И вот настал тот момент, когда и Европе, и Турции предстояло заплатить за свои грехи оптом, так сказать, по Гамбургскому счету.
– Итак, товарищи, – с серьезным видом сказал Рокоссовский, – советские командование поставило перед нами задачу – после объявления войны турецкой республике нанести удар по ее вооруженным силам и, освободив оккупированный пятьсот лет назад Константинополь, овладеть Черноморскими проливами Босфор и Дарданеллы. Точно так же, как это сделали наши товарищи, разблокировавшие Балтийскому флоту выход в Северное море, мы должны разблокировать Черноморскому флоту в море Средиземное и сделать так, чтобы больше ни один враг не смог проникнуть через Черноморские проливы к нашим берегам. Для этого у нас есть все необходимое, и грех будет не оправдать оказанное доверие. Ультиматум турецкому правительству поступил вчера на рассвете, дав президент Инёню трое суток на размышления. На такие ультиматумы отвечают либо сразу, либо не отвечают совсем, поэтому уже сейчас мы понимаем, что наш ультиматум будет отвергнут, и за Константинополь, Босфор и Дарданеллы придется сражаться…

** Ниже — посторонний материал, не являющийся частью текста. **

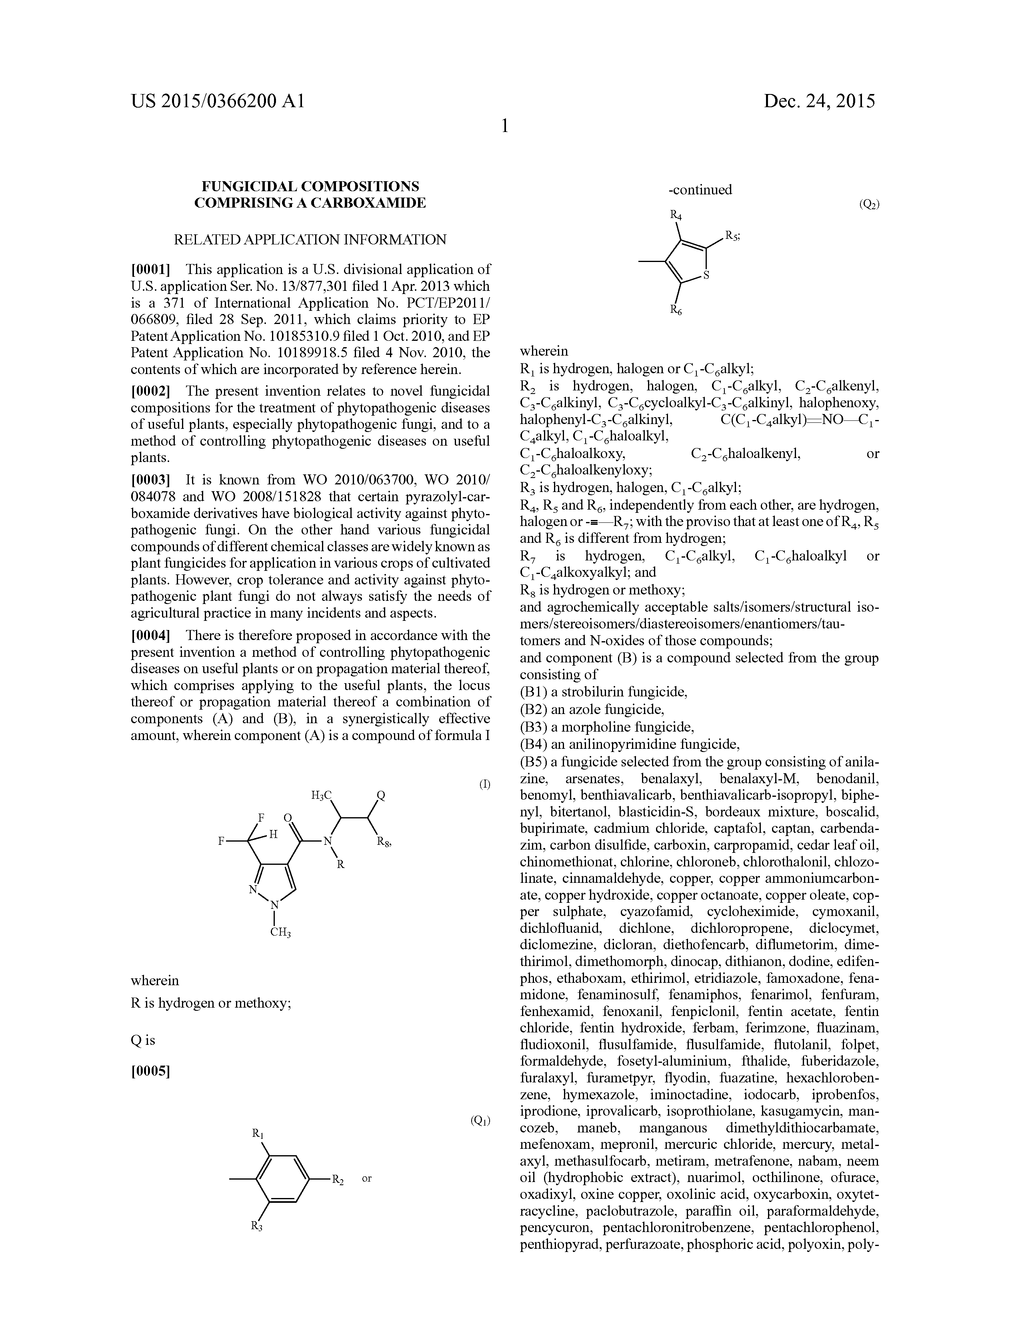 FUNGICIDAL COMPOSITIONS COMPRISING A CARBOXAMIDE - diagram, schematic, and image 02

После этих слов в помещении штаба наступила звенящая тишина. Все присутствующие на этой встрече генералы – вне зависимости от того, в какой армии они служили раньше и в какой сейчас – понимали важность исторического момента, но для двоих из них этот день в любом случае носил особенный характер.
Для генерала болгарской Армии Владимира Стойчева, лихо надвинувшего козырек фуражки на один глаз, это было предвкушение момента национального торжества, нечто вроде публичного убиения и погребения престарелого Змея Горыныча, после чего для его народа начнется украсно украшенная, лепая со всех сторон жизнь. Исторический союз с Германией, куда Болгарию втравила ее европейски образованная элита, не решал этот вопрос вовсе, ибо на протяжении почти всей своей истории Турция по большей части была надежным антироссийским оплотом, а редкие периоды российско-турецкой дружбы воспринимались в Европе как исторические недоразумения. И вот теперь именно болгарская армия, вкупе с русскими братушками, поставит последнюю точку в существовании этого страшного и уродливого госудобразования, веками жиревшего на крови и слезах соседних народов.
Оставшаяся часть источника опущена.